For instance if you take the typical blogging application example, you might have a path like /posts/1234 - and the URI template would look like /posts/{postId}.

The magic is in turning {param}s in the URI template into parameters in the handler call.

Here's an example app that routes blog-like requests:

var handlers = {
  '/posts/{postId}' : {
      GET : function(postId) {
        this.response.sendHeader(200, {"Content-Type": "text/plain"});
        this.response.sendBody("GET Post ID: " + postId);
        this.response.finish();
      },
      POST : function(postId) {
        this.response.sendHeader(200, {"Content-Type": "text/plain"});
        this.response.sendBody("POST Post ID: " + postId);
        this.response.finish();        
      }
  },
  '/comments/{postId}/{commentId}' : {
      GET : function(postId, commentId) {
        this.response.sendHeader(200, {"Content-Type": "text/plain"});
        this.response.sendBody("GET Post ID: " + postId + " Comment ID: " + commentId);    
        this.response.finish();
      }
  }
};

As you can see the individual handler functions are further distinguished by HTTP method.

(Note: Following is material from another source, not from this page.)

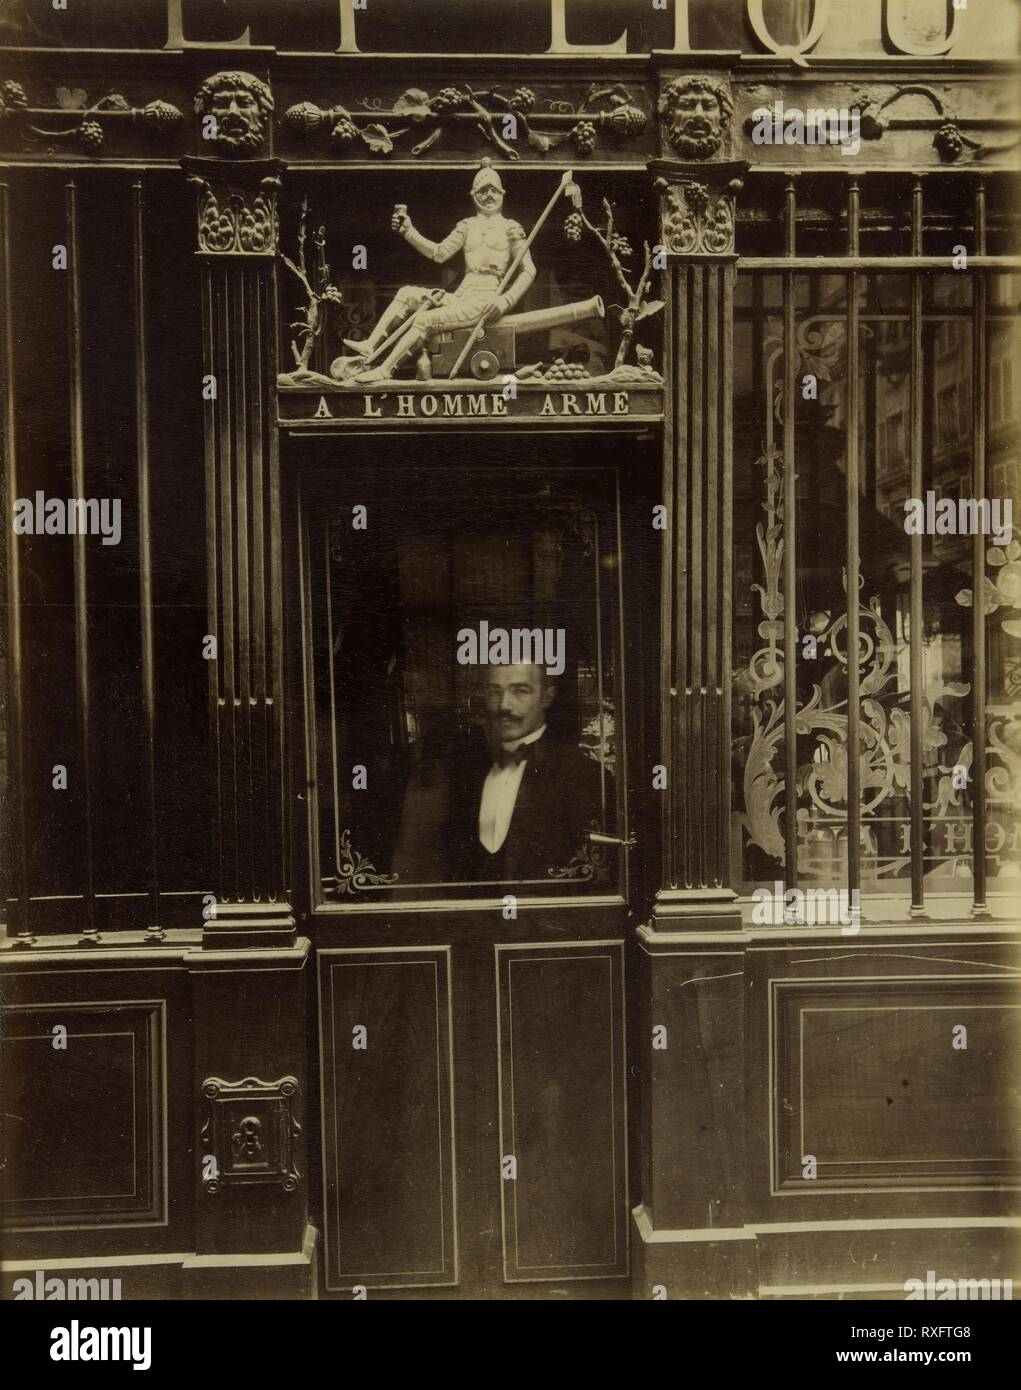 Cabaret de l'Homme Armé, Rue des Blancs-Manteaux. Jean-Eugène-Auguste Atget; French, 1857-1927. Date: 1900. Dimensions: 22.1 × 17.4 cm (image/paper). Albumen print. Origin: France. Museum: The Chicago Art Institute. Stock Photo

I'm not sure how to pass POST bodies to the handlers. They could just be attached to the handler's this I suppose.

Here's the full source:

var sys = require("sys"), http = require("http");

var handlers = {
  '/posts/{postId}' : {
      GET : function(postId) {
        this.response.sendHeader(200, {"Content-Type": "text/plain"});
        this.response.sendBody("GET Post ID: " + postId);
        this.response.finish();
      },
      POST : function(postId) {
        this.response.sendHeader(200, {"Content-Type": "text/plain"});
        this.response.sendBody("POST Post ID: " + postId);
        this.response.finish();        
      }
  },
  '/comments/{postId}/{commentId}' : {
      GET : function(postId, commentId) {
        this.response.sendHeader(200, {"Content-Type": "text/plain"});
        this.response.sendBody("GET Post ID: " + postId + " Comment ID: " + commentId);    
        this.response.finish();
      }
  }
};

var Route = function(uriTemplate) {
 this.uriTemplate = uriTemplate;
 var nameMatcher = new RegExp('{([^}]+)}', 'g');
 
 this.paramNames = this.uriTemplate.match(nameMatcher);
 // the regex keeps the {} on the param names for some reason. TODO: fix this.
 for (var i = 0; i < this.paramNames.length; i++) {
  this.paramNames[i] = this.paramNames[i].replace('{', '').replace('}', '');
 }

 this.matcherRegex = this.uriTemplate.replace('?', "\\?").replace(/{([^}]+)}/g, '([^/?&]+)');
 this.matcher = new RegExp(this.matcherRegex);
};

Route.prototype.parse = function(path) {
 if (this.matcher.test(path)) {
  var result = {};
  var paramValues = this.matcher.exec(path);
  // assert: paramValues.length == paramNames.length
  for (var i = 1; i < paramValues.length; i++) {
      result[this.paramNames[i-1]] = paramValues[i];
    }
  return result;
 }
 return null; //throw exception?
};

http.createServer(function (request, response) {
   var handled = false;

   for (pathTemplate in handlers) {
     var route = new Route(pathTemplate);
     var params = route.parse(request.uri.full);
     if (params) {
       // Convert the results to an array so we can pass them in via apply().
       var values = [];
       for (name in params) {
         values[values.length] = params[name];
       }

       var handler = handlers[pathTemplate][request.method];
       // So you can call this.request and this.response in the handlers.
       handler.apply({'request' : request, 'response' : response}, values);
       handled = true;
     }
   }

   if (!handled) {
     response.sendHeader(404, {"Content-Type": "text/plain"});
     var output = "Couldn't route: " + request.uri.full + "\n";
     for (name in request) {
       output += name + ": " + request[name] + "\n";
     }
     response.sendBody(output);
     response.finish();
   }
}).listen(8000);

sys.puts("Server running at http://127.0.0.1:8000/");
The route lookup in the http.createServer could be a lot more efficient, like memoizing Route objects for instance.

Anyways, NodeJS looks pretty exciting. Combined with CouchDB you could have a full JavaScript application stack: from storage to app server to client.

*Yes, I realize this is not a full implementation of the URI template spec.  It's just a proof of concept.